Problem details: Lines from the one containing "古風なディヴィジョンの再生済みの波形" through the final line of the data, restated word for word and free of pictures, make up the whole answer.

━━ Information shown

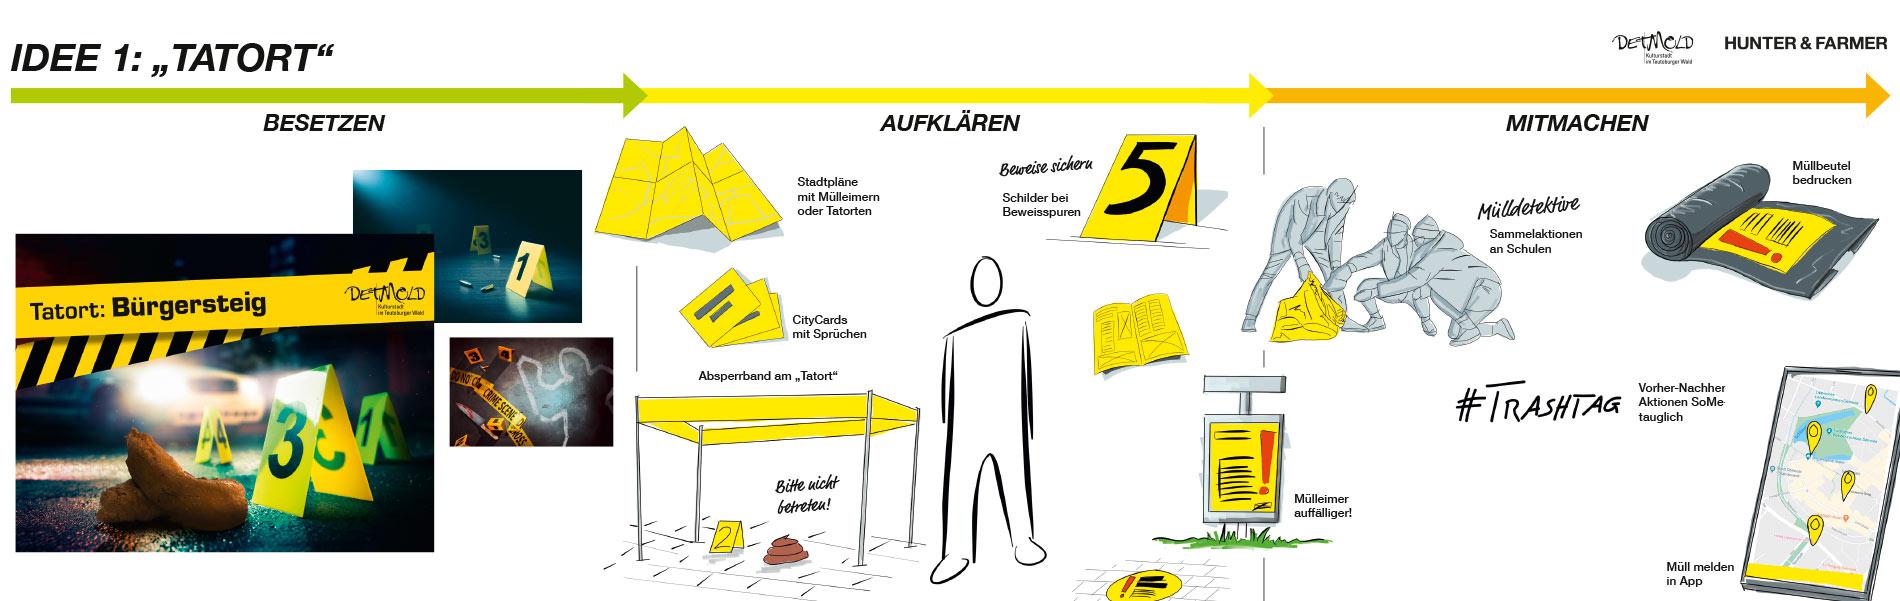 Beschreibung der Idee der Sauberkeitskampagne der Stadt Detmold
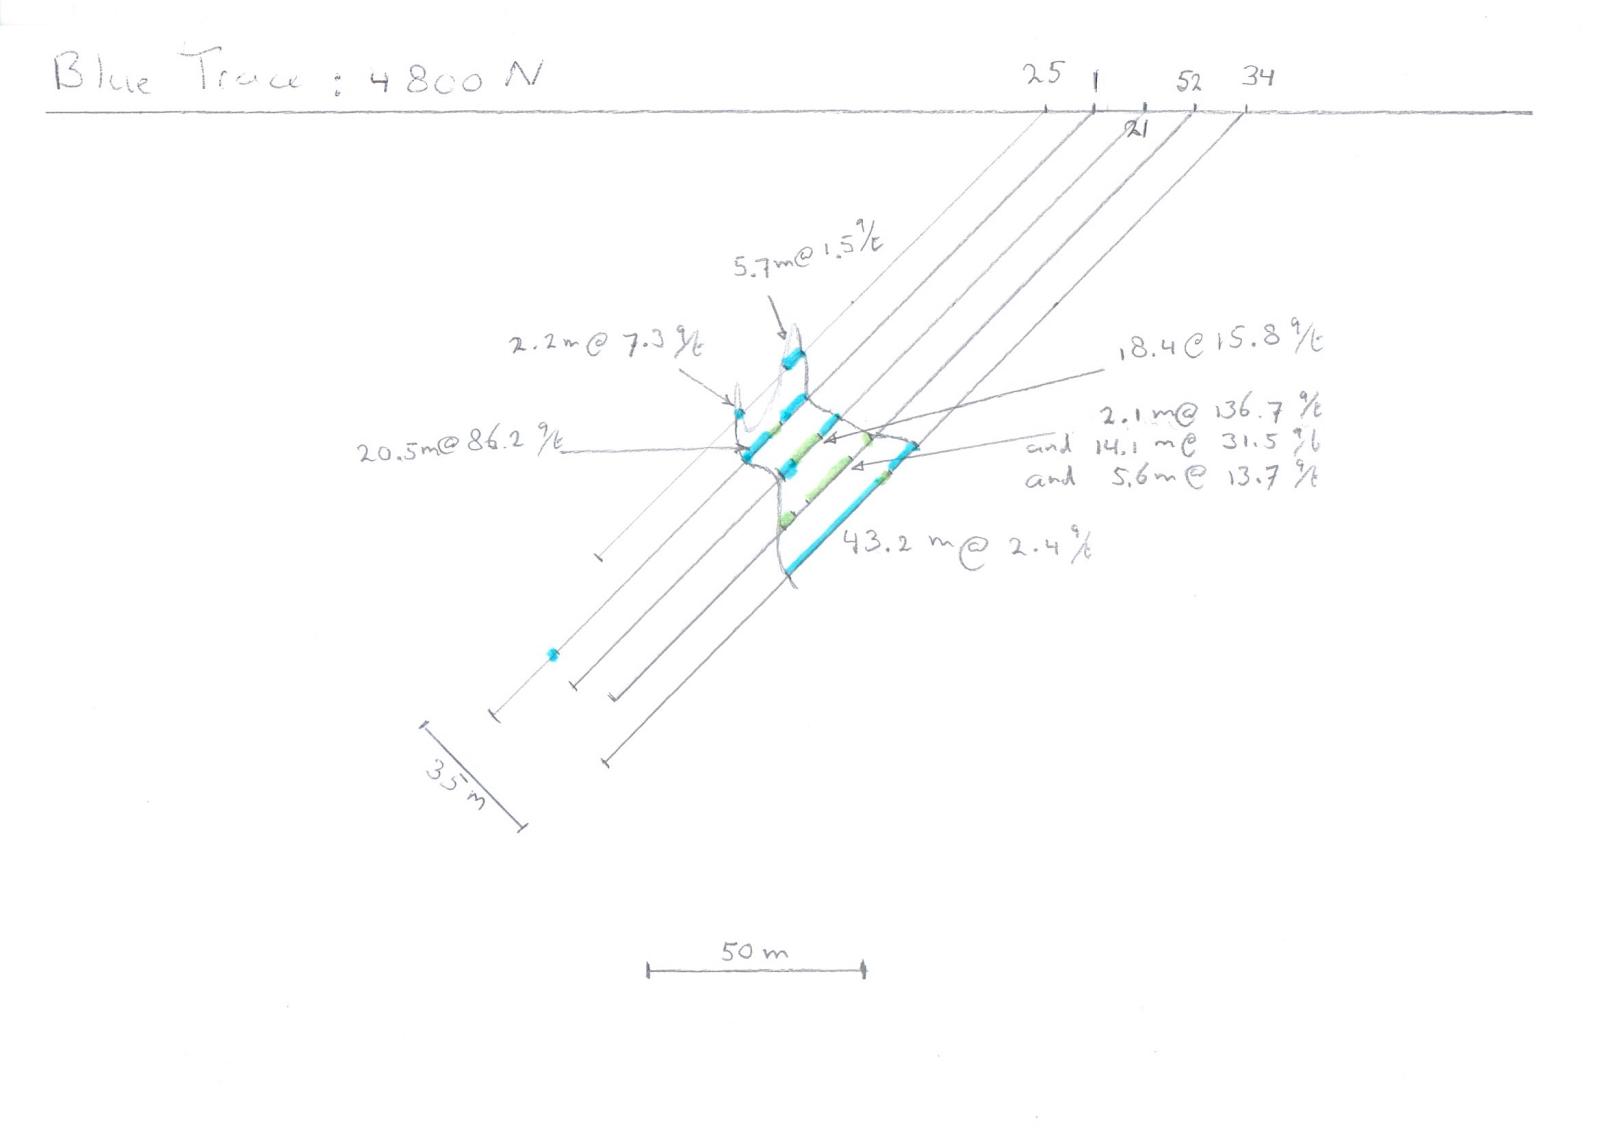 Figure 8: Keats Zone Cross Section 4800 N
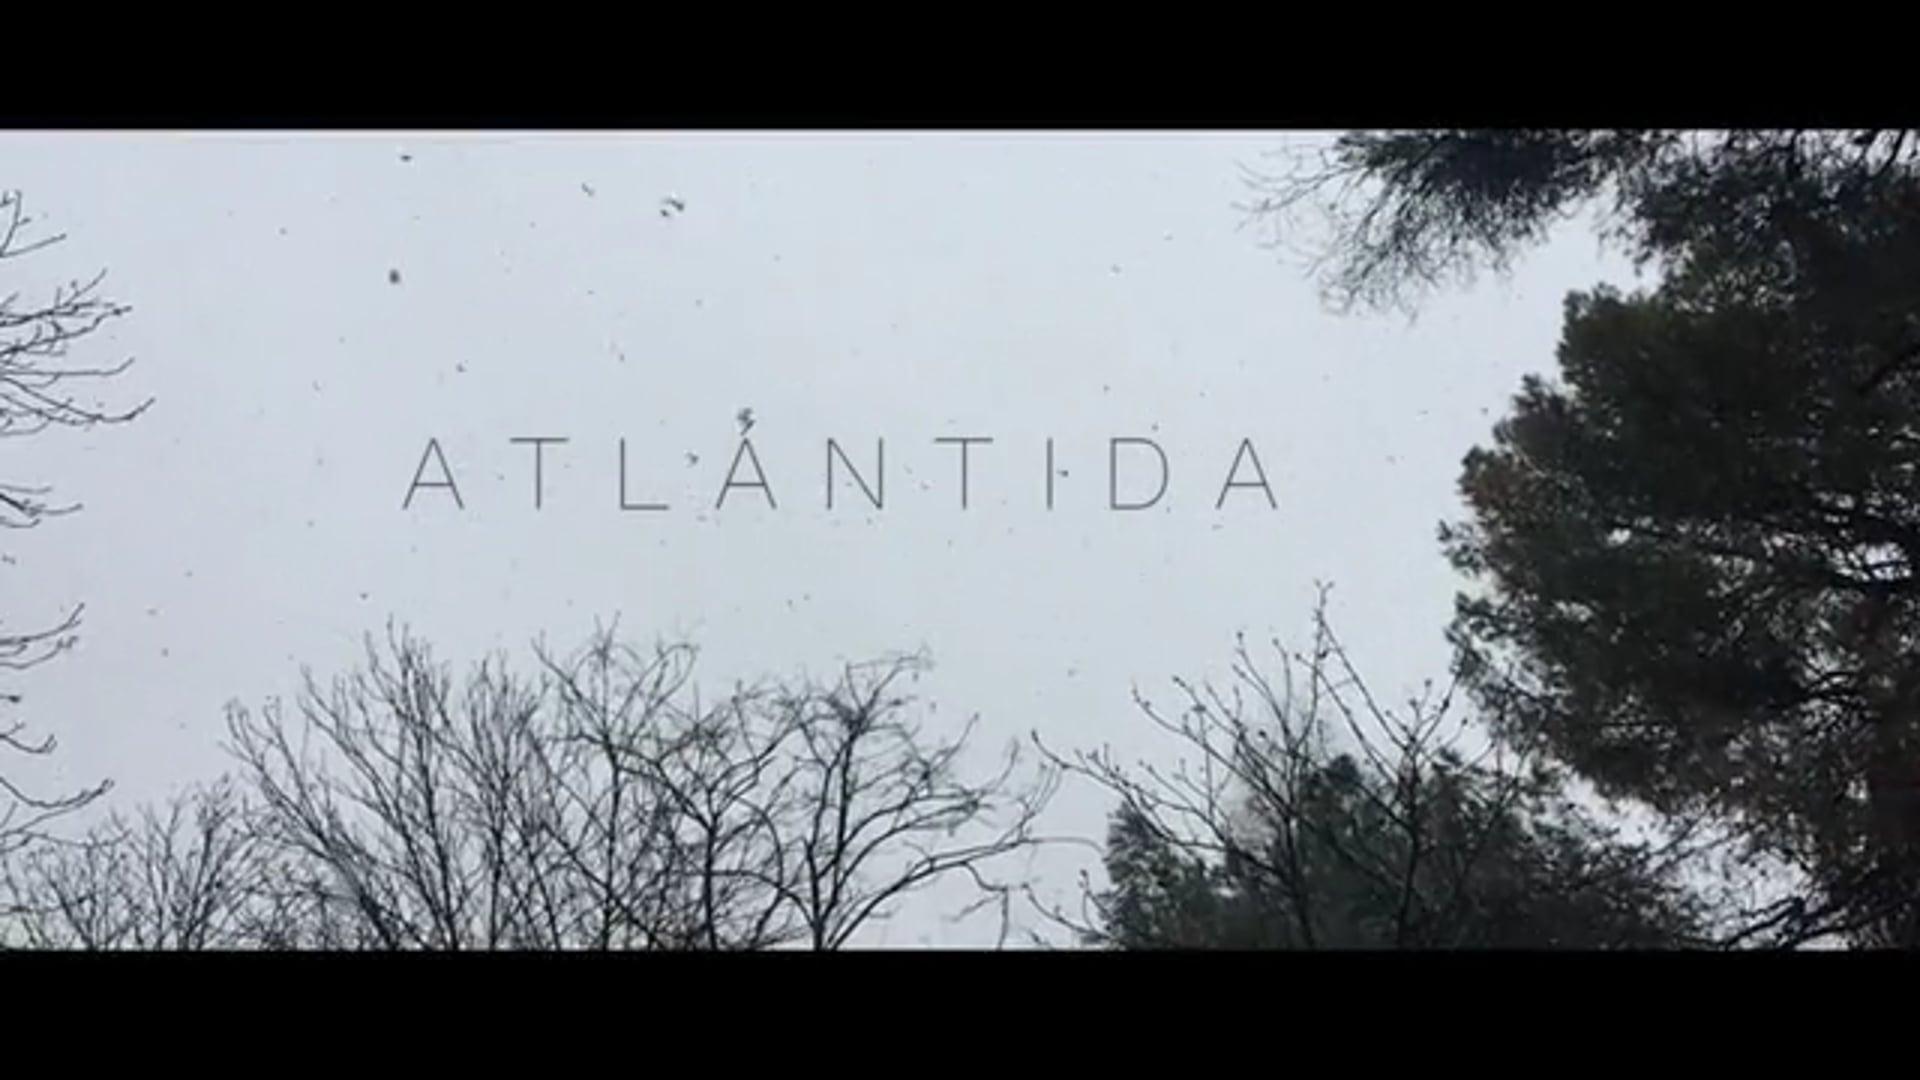 ATLÁNTIDA / Cortometraje
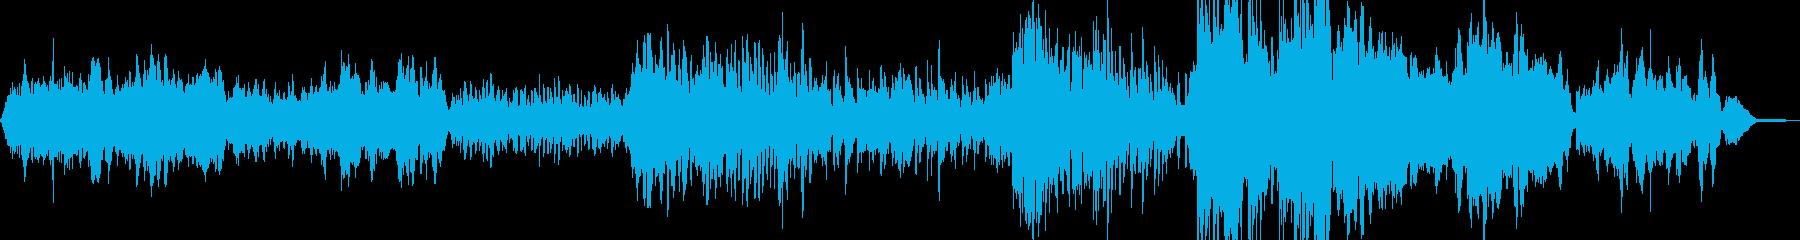 古風なディヴィジョンの再生済みの波形
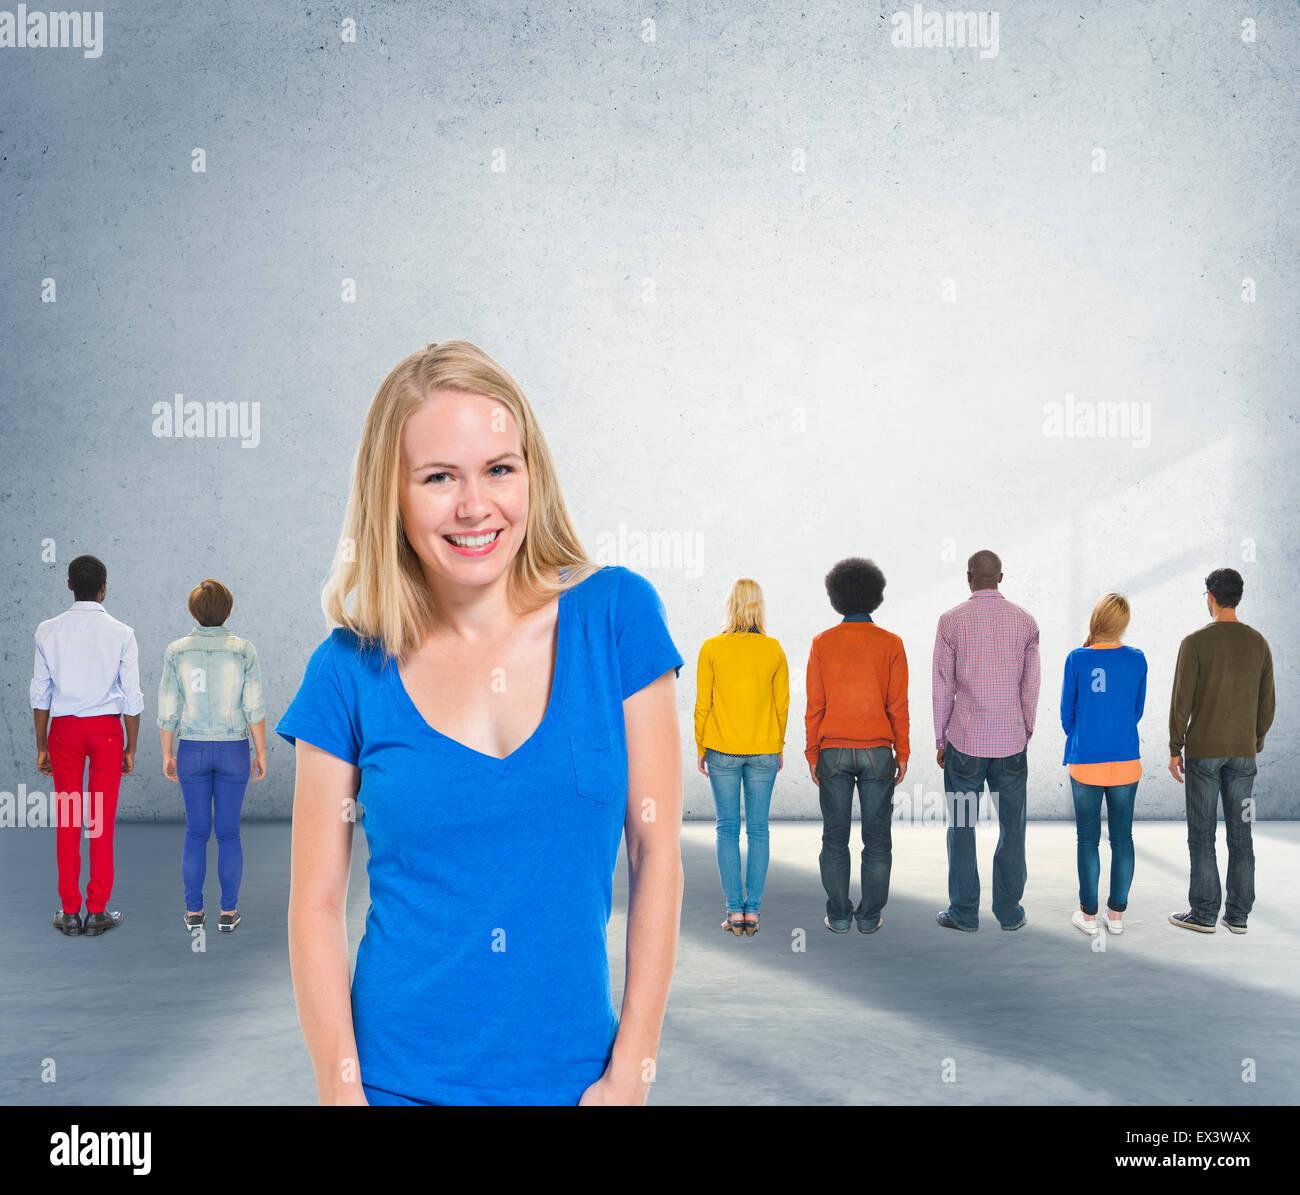 Liderazgo Coaching Team Trainer concepto de diversidad Imagen De Stock

━━━━

Problem solution:
 古風なディヴィジョンの再生済みの波形
 Liderazgo Coaching Team Trainer concepto de diversidad Imagen De Stock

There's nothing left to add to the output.